In natural language processing, one strategy we can use is to define a window of size $w$. These will be used to define an association of words. For example, if we use a window of 3 words we get the following:

In [34]:
import io
import os
import re
import shutil
import string
import tensorflow as tf
import numpy as np
from datetime import datetime
from tensorflow.keras import Model, Sequential
from tensorflow.keras.layers import Activation, Dense, Embedding, GlobalAveragePooling1D
from tensorflow.keras.layers.experimental.preprocessing import TextVectorization
from tensorflow.keras.layers import Activation, Dense, Dot, Embedding, Flatten, GlobalAveragePooling1D, Reshape
 

text_example = "The Guadeloupe amazon is a hypothetical extinct species of parrot that is thought to have been endemic to the Lesser Antillean island region of Guadeloupe.

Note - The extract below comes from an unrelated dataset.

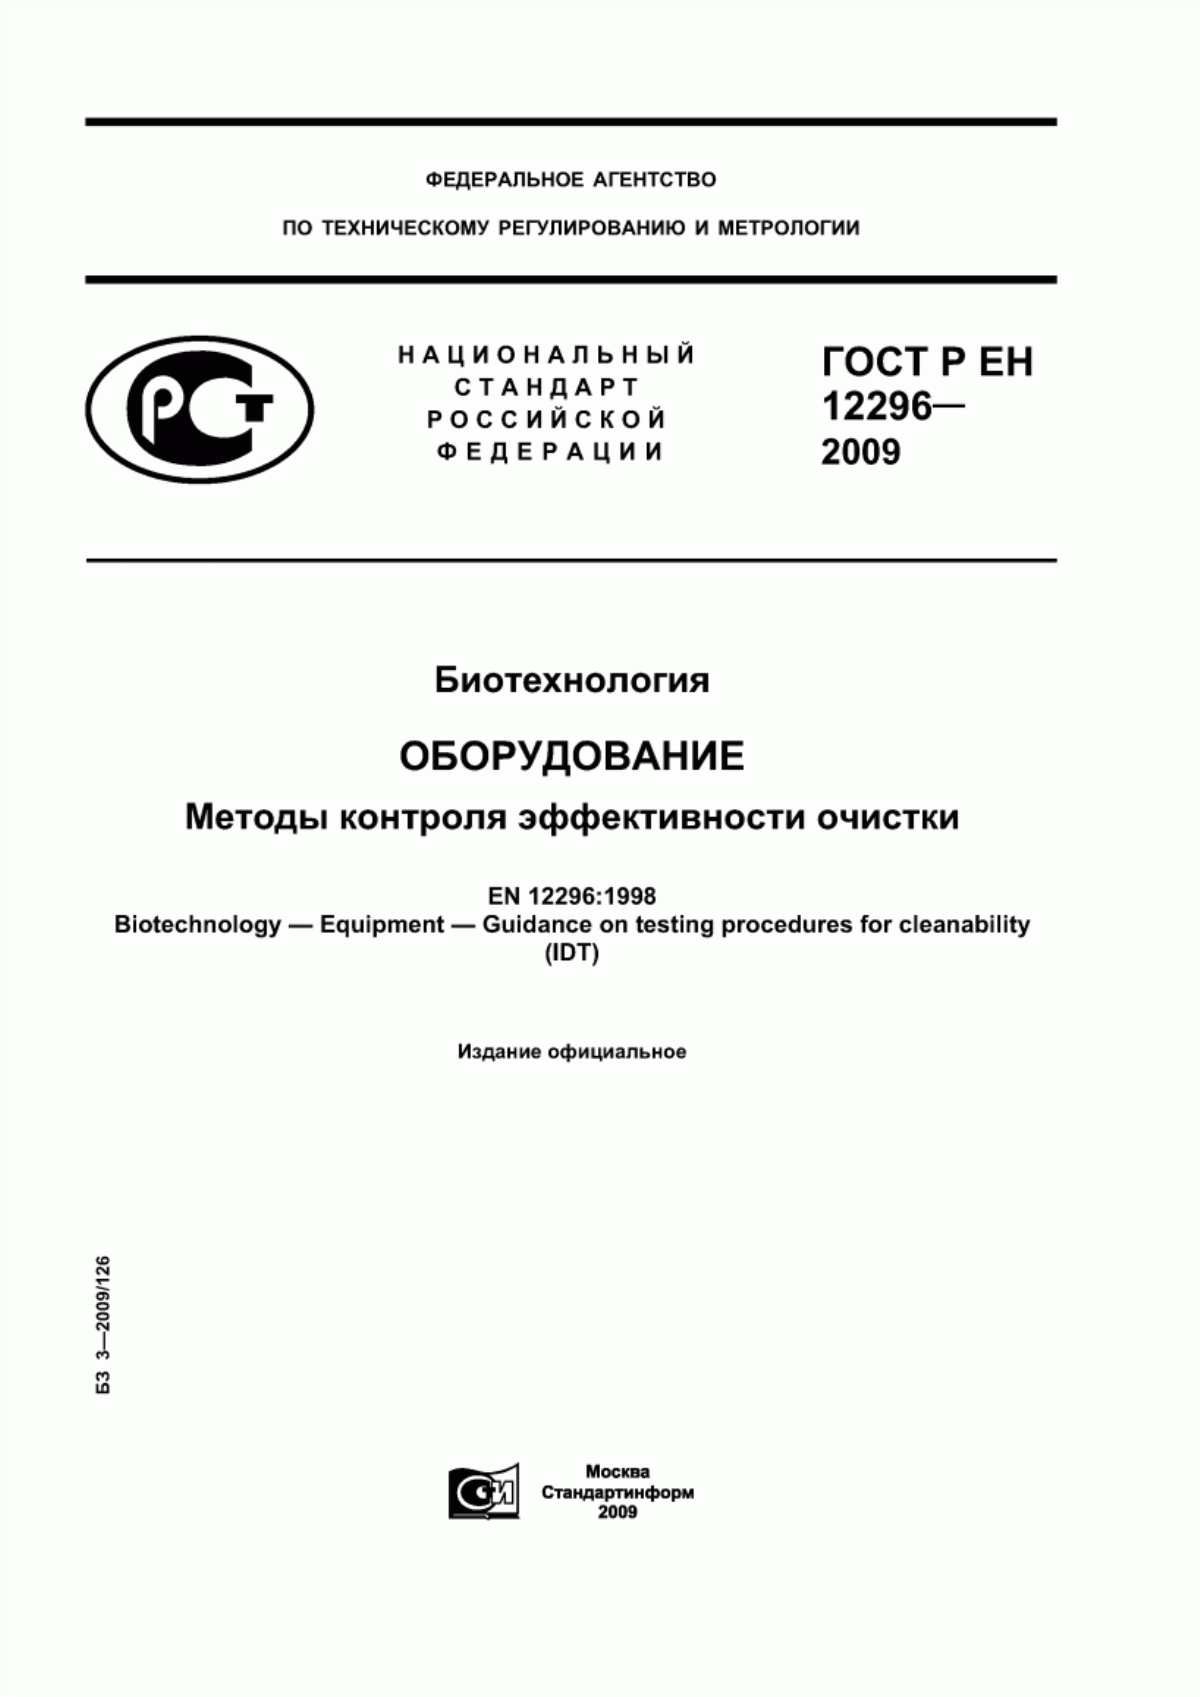 ГОСТ Р ЕН 12296-2009 Биотехнология. Оборудование. Методы контроля эффективности очистки

Described by 17th- and 18th-century writers, it is thought to have been related to, or possibly the same as, the extant imperial amazon."
text_example = text_example.split(" ")

In [2]:
embedding_layer = tf.keras.layers.Embedding(1000, 3)
result = embedding_layer(tf.constant([1,2,3]))
result.numpy()

array([[ 0.04512674,  0.02591044,  0.03332372],
       [ 0.00830823, -0.03147123, -0.00134744],
       [ 0.02704053, -0.03413739, -0.03112757]], dtype=float32)

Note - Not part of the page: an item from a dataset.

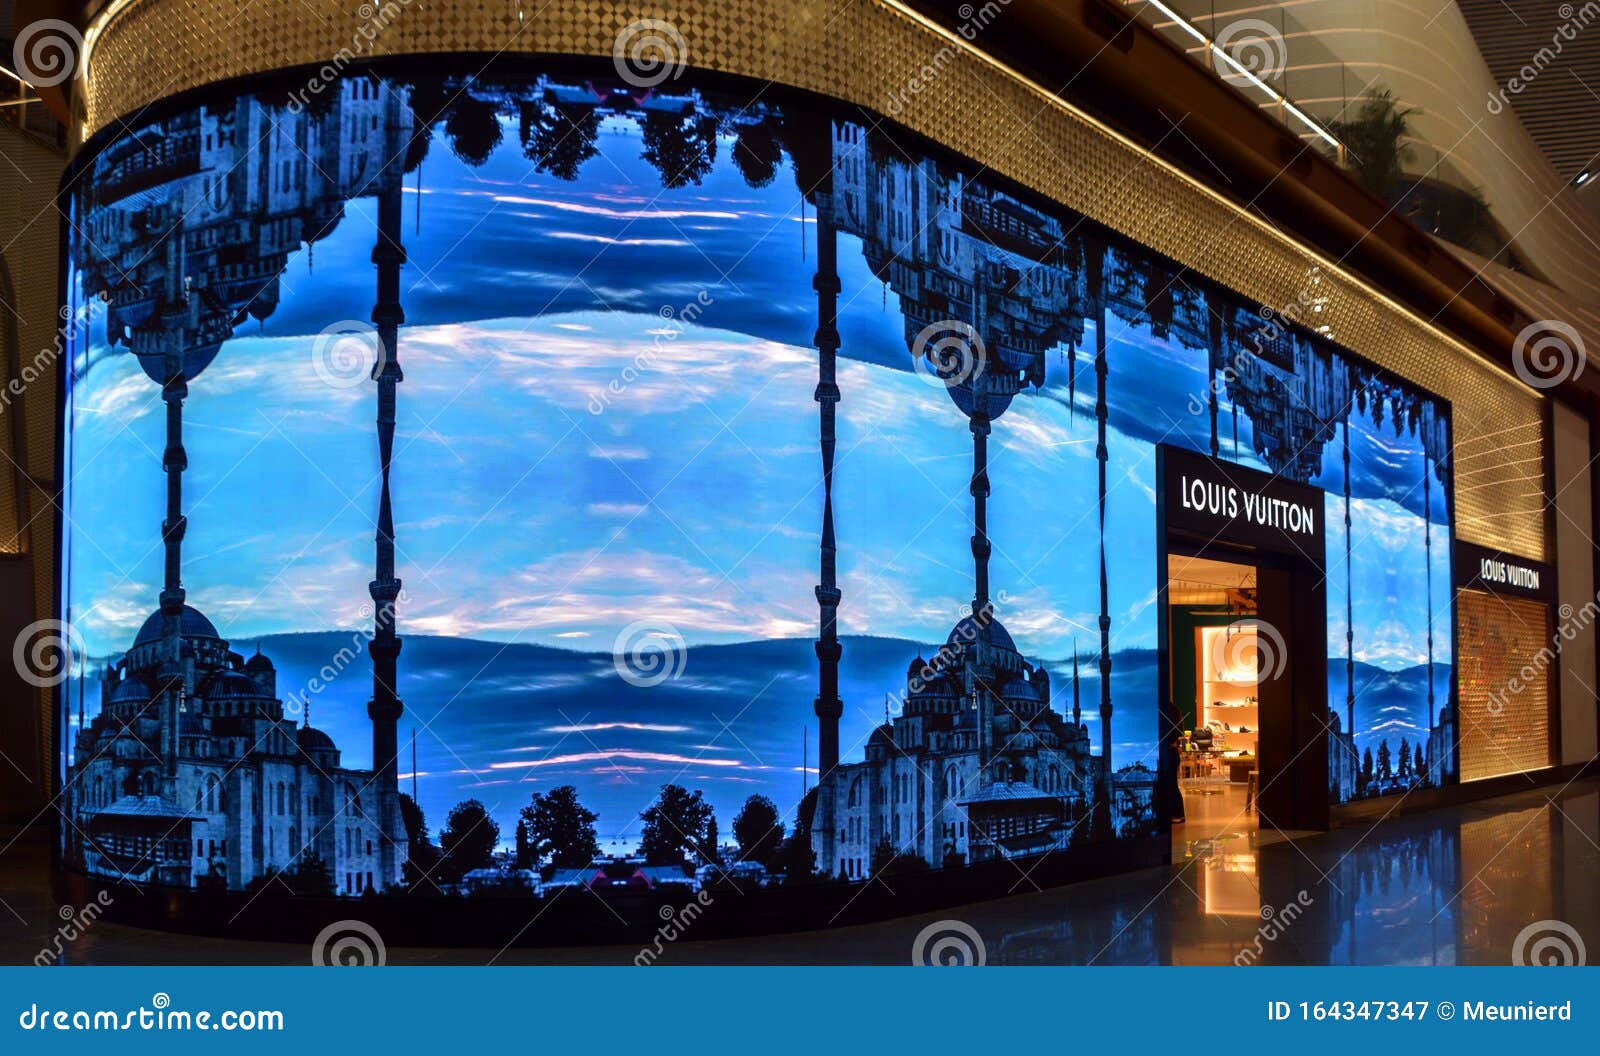 Louis Vuitton Istanbul Havalimani store, Turkey

The next step is to find a way of representing each of these words. This often involves just coding each word to a number due to brevity. After coding each words into a number, we define a window, $w$ to hold each word association. Below, we define the mapping *to* the number. Afterwards, we will define the mapping back. Finally, we translate out original sentence into the numbers.

In [3]:
grams = np.unique(text_example)
word_to_num = {grams[x]:x for x in range(len(grams))}
num_to_word = {x:grams[x] for x in range(len(grams))}
num_sentence = [word_to_num[x] for x in text_example]
print(num_sentence)

[7, 4, 9, 21, 8, 19, 17, 31, 24, 26, 32, 21, 34, 35, 18, 13, 15, 35, 33, 6, 2, 22, 28, 24, 5, 3, 14, 0, 11, 1, 37, 23, 21, 34, 35, 18, 13, 29, 36, 25, 27, 33, 30, 12, 33, 16, 20, 10]


In [4]:
window_size = 2
positive_skip_grams, _ = tf.keras.preprocessing.sequence.skipgrams(
      num_sentence, 
      vocabulary_size=len(grams),
      window_size=3,
      negative_samples=0)
print(len(positive_skip_grams))

264


The operation above broke the results into a list of correspondences in that 3 word window. For instance, if we look up 36, we can see that it corresponds with th

In [5]:
thirty_six = [x for x in positive_skip_grams if 36 in x]

In [6]:
thirty_six

[[25, 36],
 [13, 36],
 [29, 36],
 [36, 13],
 [18, 36],
 [33, 36],
 [27, 36],
 [36, 18],
 [36, 27],
 [36, 33],
 [36, 25],
 [36, 29]]

We have one final step before proceeding onto the final product. An additional processing step is to intentionally create "bad" data-points which will stand in contrast to the associations we just created. This is referred to as negative sampling. For the sake of this example, we will use the tensorflow function tf.random.log_uniform_candidate_sampler which will let us omit the correct context words when sampling:

In [7]:
target_word, context_word = positive_skip_grams[0]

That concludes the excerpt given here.